I used the Census Bureau variable ids to query off of their tables and only pull populations by county for white males over 35 and Hispanic males under 30. I also filtered out outlier counties, these were mostly covered by active MLB franchises anyway.
vars <- c("B01001A_011","B01001A_012","B01001A_013","B01001A_014","B01001A_015","B01001A_016",'B01001I_003', 'B01001I_004', 'B01001I_005', 'B01001I_006', 'B01001I_007', 'B01001I_008', 'B01001I_009')
pop <- get_acs(geography = "county",
variables = vars,
geometry = TRUE) %>%
group_by(GEOID,NAME) %>%
summarise(sub_pop = sum(estimate)) %>%
filter(sub_pop >= 40000 & sub_pop <= 90000)
## Getting data from the 2013-2017 5-year ACS
pander(head(pop))
GEOID | NAME | sub_pop |
---|---|---|
01003 | Baldwin County, Alabama | 53990 |
01089 | Madison County, Alabama | 73607 |
01097 | Mobile County, Alabama | 70005 |
01117 | Shelby County, Alabama | 50001 |
02020 | Anchorage Municipality, Alaska | 59893 |
04003 | Cochise County, Arizona | 42308 |
geometry |
---|
MULTIPOLYGON (((-88.03 30.2… |
MULTIPOLYGON (((-86.79 34.5… |
MULTIPOLYGON (((-88.05 30.5… |
MULTIPOLYGON (((-87.03 33.2… |
MULTIPOLYGON (((-150.1 61.1… |
MULTIPOLYGON (((-110.5 31.5… |
Now I can map the active teams with the census data to see if there are holes in the locations of active MLB franchises and the demographics I have identified.
pop %>%
st_transform(crs = "+init=epsg:4326") %>%
leaflet() %>%
addProviderTiles(provider = "CartoDB.Positron") %>%
addMarkers(data = active_teams,~lon, ~lat, icon = stadium_icon, layerId = 2) %>%
addPolygons(popup = ~ paste(NAME,"-",sub_pop),
layerId = 1,
stroke = FALSE,
smoothFactor = 0,
fillOpacity = 20,
color = ~ pop_pal(sub_pop)) %>%
addControl("Site Suitability - New MLB Team", position = "topright") %>%
addLegend("bottomleft",
pal = pop_pal,
values = ~sub_pop,
title = "Population:<br>White Males > 35 &<br>Hispanic Males < 30",
opacity = 1) %>%
setView(lng =-96.62500, lat=29.65538, 3)
I identified the Carolina’s as a possible market for a new MLB franchise. I then created a buffer for that area and calculated the base and future demographic population within that buffer to see a possible fan base for the MLB franchise.
pop %>%
st_transform(crs = "+init=epsg:4326") %>%
leaflet() %>%
addProviderTiles(provider = "CartoDB.Positron") %>%
addMarkers(data = active_teams,~lon, ~lat, icon = stadium_icon, layerId = 2) %>%
addMarkers(lng =-80.925293, lat=34.488448, layerId = 3, label = paste("Buffer Zone Target Demo Pop:",formatC(buff_pop[[1]], format="f", big.mark=",", digits=0)),labelOptions = labelOptions(noHide = T)) %>%
addPolygons(popup = ~ paste(NAME,"-",sub_pop),
layerId = 1,
stroke = FALSE,
smoothFactor = 0,
fillOpacity = 20,
color = ~ pop_pal(sub_pop)) %>%
addPolygons(data=NewTeamBuf) %>%
addMeasure( position = "bottomleft",
primaryLengthUnit = "miles") %>%
addControl("Site Suitability - New MLB Team", position = "topright") %>%
addLegend("bottomright",
pal = pop_pal,
values = ~sub_pop,
title = "Population:<br>White Males > 35 &<br>Hispanic Males < 30",
opacity = 1) %>%
setView(lng =-78.925293, lat=33.988448, 6)

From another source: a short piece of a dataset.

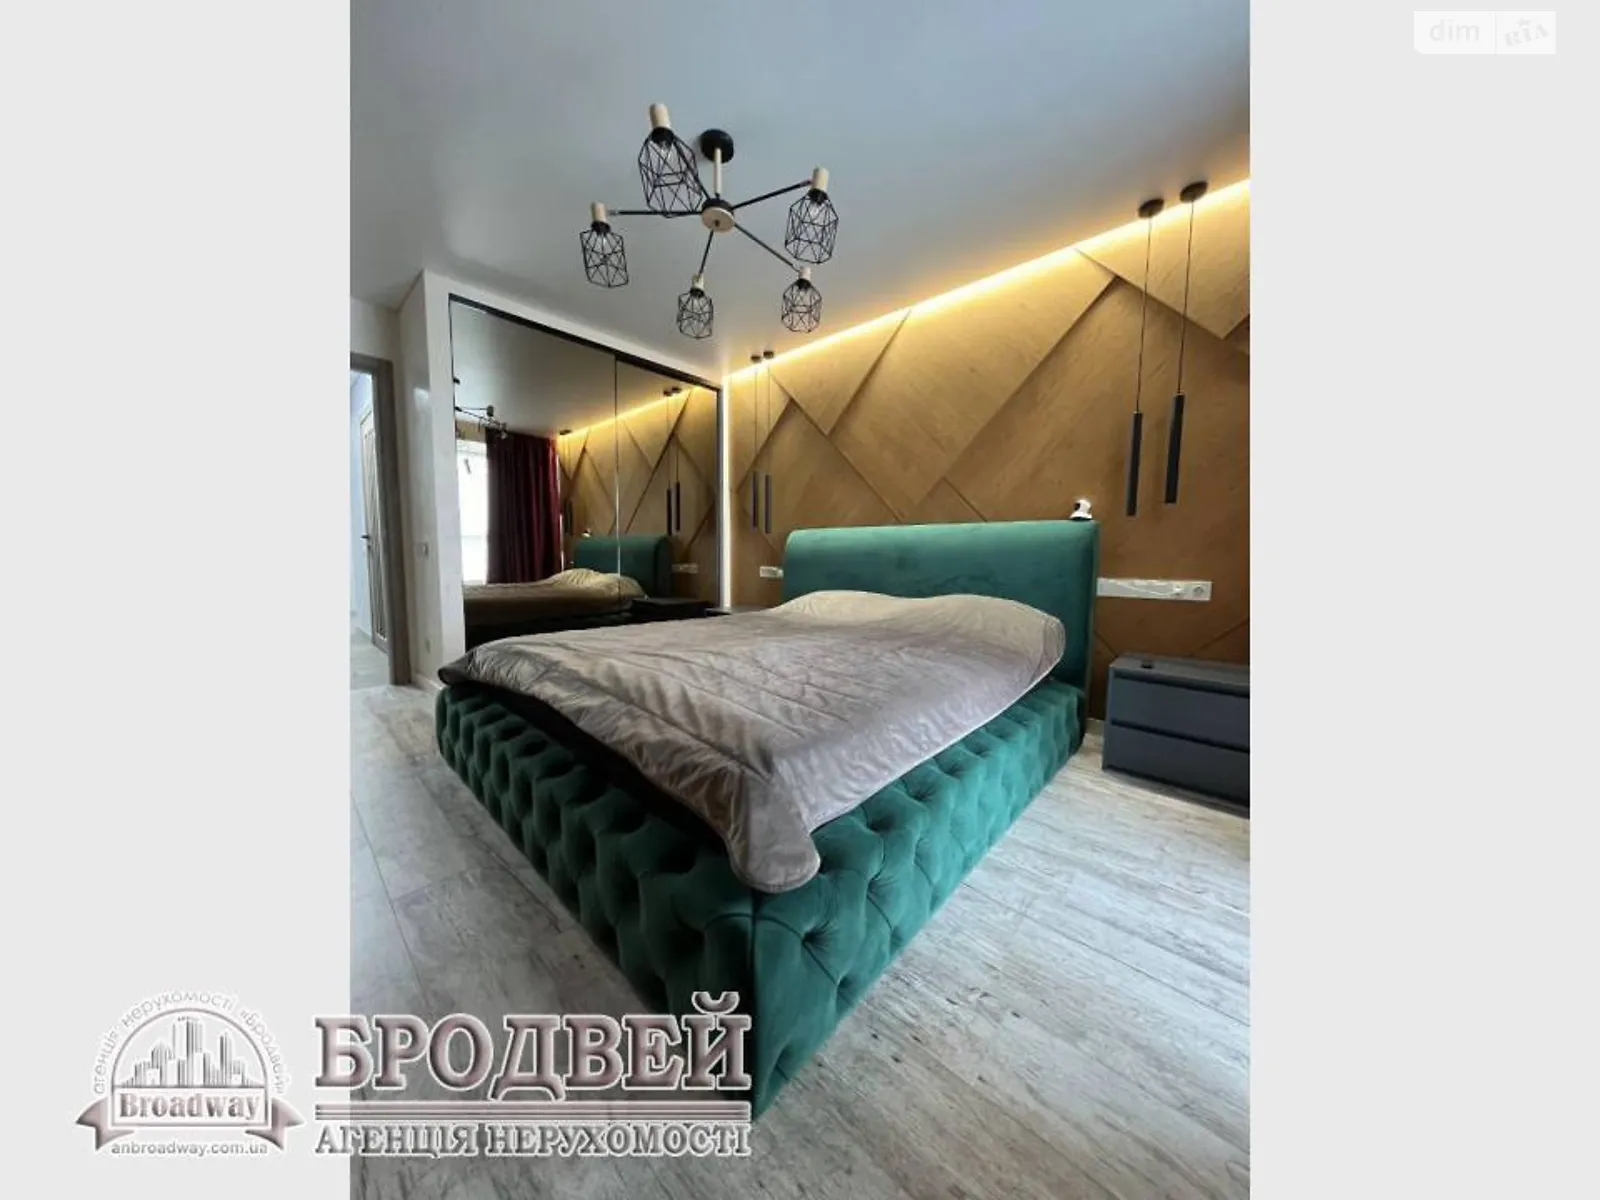 Продается 3-комнатная квартира 89 кв. м в Чернигове, цена: 120000 $

The possible fan base would be about 1 million people. This buffer is about a 3-hour drive from the proposed stadium site. A 3-hour drive seems reasonable for fans to drive to games4, and the teams games will be on TV and radio within this radius.
This is one small step the MLB would take to do market analysis for a new franchise, given more time I would have looked at a wider spectrum of demographics, economics, and other levels of baseball teams in the area.